La chose et la mathématique grecque :
Pour Aristote les mathématiques ne sont ni la loi d’être des choses ni la norme de la connaissance vraie. Toute science est science d’un genre, et il n’y a pas communication entre genres différents. Un homme et une pierre demeurent l’un à l’autre par le genre sans commune mesure. Or le genre d’être des objets mathématiques diffère du genre d’être des objets physiques, choses ou étants. Remarquons que physique ici ne renvoit pas à une détermination moderne de ce que l’on entend sous le nom de sciences physiques, mais à la détermination grecque de phusis c’est à dire nature.
Les objets de la physique appartiennent au genre des êtres séparés et mobiles. Les objets de la mathématique appartiennent aux genres des êtres immobiles et non séparés. Dès lors la mathématique ne nous dit rien sur l’être même des choses de la nature.
De plus les objets mathématiques n’étant pas séparés -séparé signifiant être par soi ce qui s’oppose à être par accident- les mathématiques restent à la surface des choses dont elles ignorent l’essence ou la substance, c’est à dire l’être par soi. C’est pourquoi pour Aristote la propriété pour la somme des angles d’un triangle d’être égale à deux droits, n’est qu’un accident du triangle.

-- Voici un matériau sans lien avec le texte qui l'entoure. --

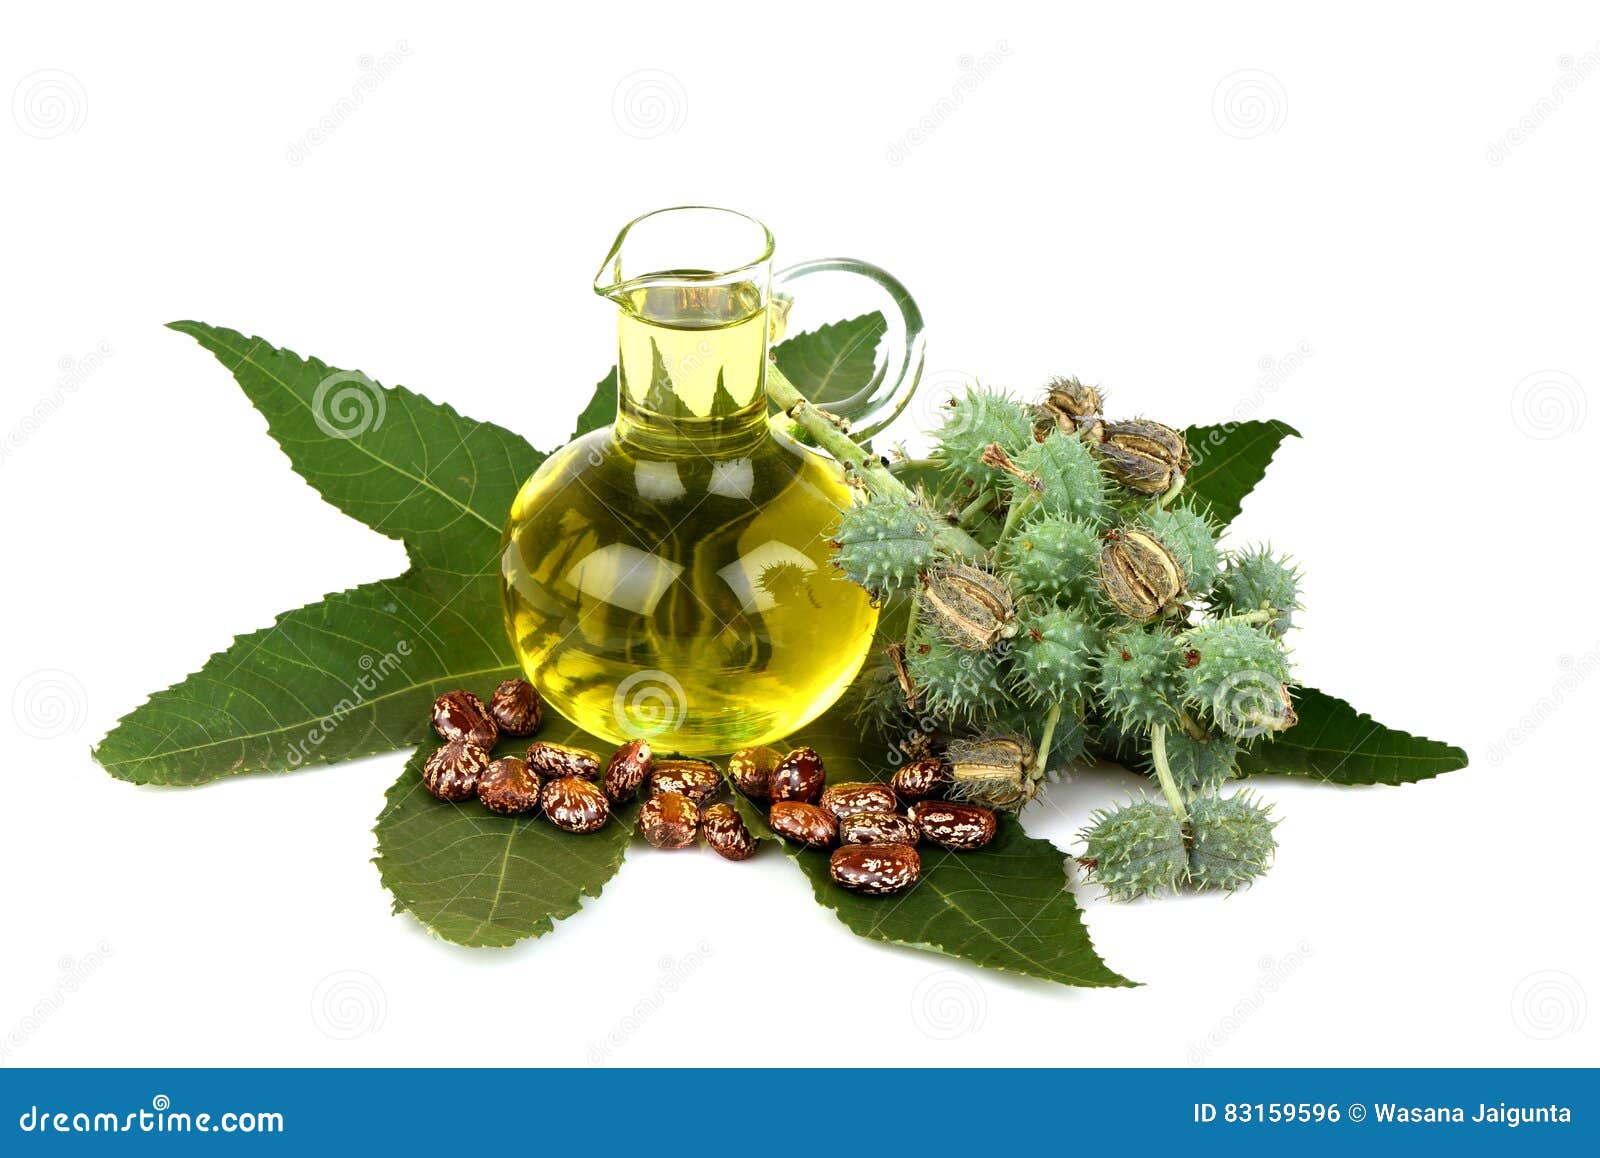 castor oil bottle with castor fruits, seeds and leaf.

Pour Platon dans le Timée, tout au contraire d’Aristote, le démiurge façonne le monde, l’accomplit et le structure de manière toute mathématique. Le démiurge jongle avec des sphères et des cubes, les surfaces et les lignes et ainsi construit un monde tout semblable à celui que nous voyons. Cependant, Platon lui-même l’affirme, le Timée est un dialogue où la vérité est enveloppée du vêtement de la fiction et du mythe. Les propositions du Timée ne sont recevables qu’au niveau d’un langage d’imagination. Et c’est pourquoi Platon pourra affirmer dans la République que "les mathématiciens rêvent autour de l’être".